Checkliste für optimale Schrift
RPG: Das tut es wirklich, denn der inhaltliche Ansatz ist ziemlich neu. Es erforscht systematisch den Umgang mit Schrift.
MB: Zudem lassen die beiden Autoren aufhorchen: Kai Büschl ist Schriftgestalter und Dozent. Er kennt sich wahrlich mit Schrift aus und kuratierte jahrelang die Schriftvorstellungen der tgm-Vortragsreihe. Oliver Linke ist ebenfalls Designer, Schriftgestalter und Dozent. Darüber hinaus ist Oliver der ehemalige tgm-Vorsitzende.
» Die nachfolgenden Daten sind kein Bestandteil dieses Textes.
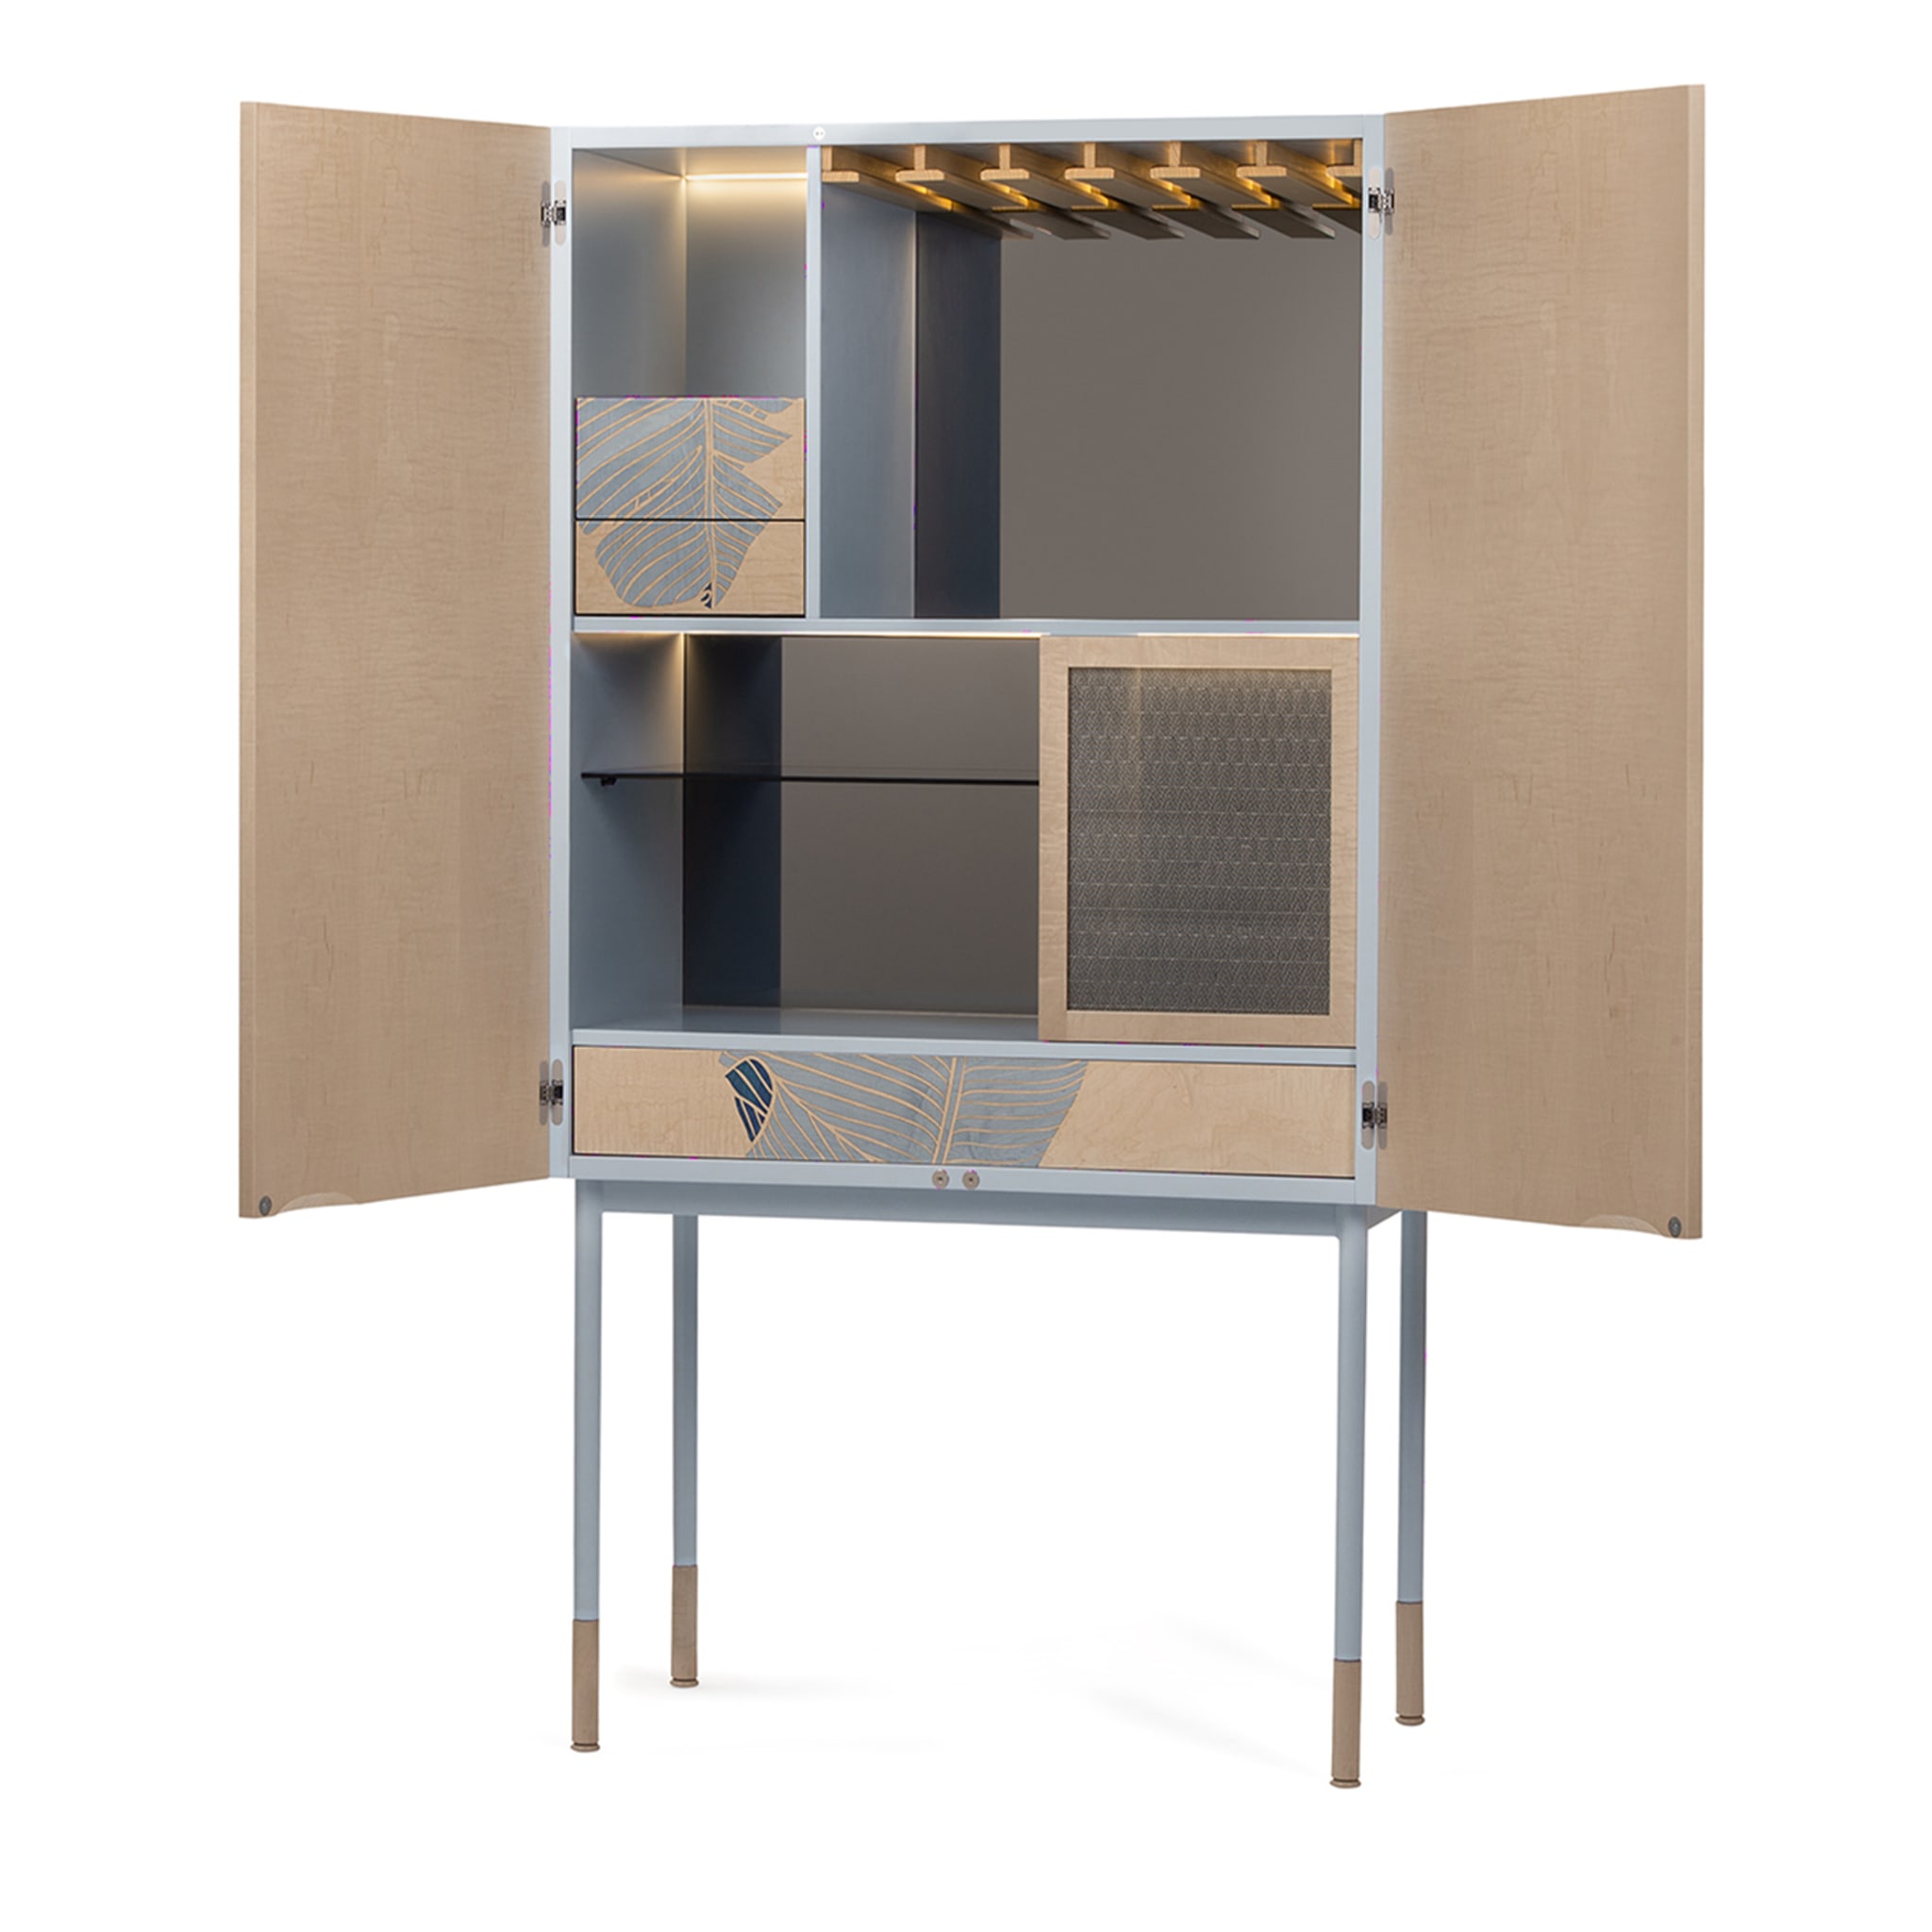 Basjoo Azure Cabinet by Hebanon Studio - Alternative view 2

Vergleich mit anderen Büchern
RPG: Aber es sei erlaubt, einen Vergleich mit zwei anderen, ebenso wichtigen und sehr gut gestalteten Büchern zu erwähnen. „Schrifttypen verstehen, kombinieren“ von Philipp Stamm befasst sich mit demselben Problem, geht aber ganz anders damit um. Ein älteres, aber ebenfalls aktuell gebliebenes Buch, „Schriftwechsel“ von Stephanie und Ralph de Jong.
Ich habe in meiner Bibliothek nachgeschaut, ob ich noch weitere Bücher zu diesem Thema finde. Diese behandeln jedoch entweder nur einen Bruchteil von »Schrift. Wahl und Mischung« oder sind eher für Schriftgestalter geschrieben, statt für Schriftnutzer. Offensichtlich schließt dieses Werk eine bestehende Lücke.
Schriftprofile als Strategie für die Schriftwahl
RPG: Bisher hatte man sich überlegt, welche Schrift zu einem Projekt passen könnte. Die Autoren empfehlen eine eigene Strategie: Erstellung von Schriftprofilen, und bieten verschiedene Profile für verschiedene Anwendungsbereiche an: vom ungestörten linearen Lesen bis zu Schriften für Kartografie. Das wird gut beschrieben und in einer das Kapitel abschließenden Tabelle ersichtlich. Das schafft schon mal eine gute Basis.
MB: Ich kann mir gut vorstellen, dass dieses System auch in der Ausbildung Verwendung findet. Nicht nur Studierende lieben Listen, und tatsächlich helfen solche Schriftprofile, sich systematisch mit den unterschiedlichen Details auseinanderzusetzen.
Schriften mischen
RPG: Mehrere Schriftengekonnt zu kombinieren, setzt enormes Wissen voraus. Im Buch werden verschiedene Methoden erläutert. Das beginnt ganz einfach, nämlich dort, wo man eigentlich noch nicht von einer Mischung sprechen kann, innerhalb einer Schriftfamilie. Als nächster Schritt wird die Mischung innerhalb einer Schriftsippe erwogen. Für mich ist das eine sehr gute Möglichkeit der Akzentuierung durch Schriftschnitte. Doch Büschl und Linke gehen viel weiter und damit wird es spannend und kompliziert. Ich selbst stehe diesem stilistischen Mittel skeptisch gegenüber, weil ich meistens schon mit einer Großfamilie gut zurechtkomme.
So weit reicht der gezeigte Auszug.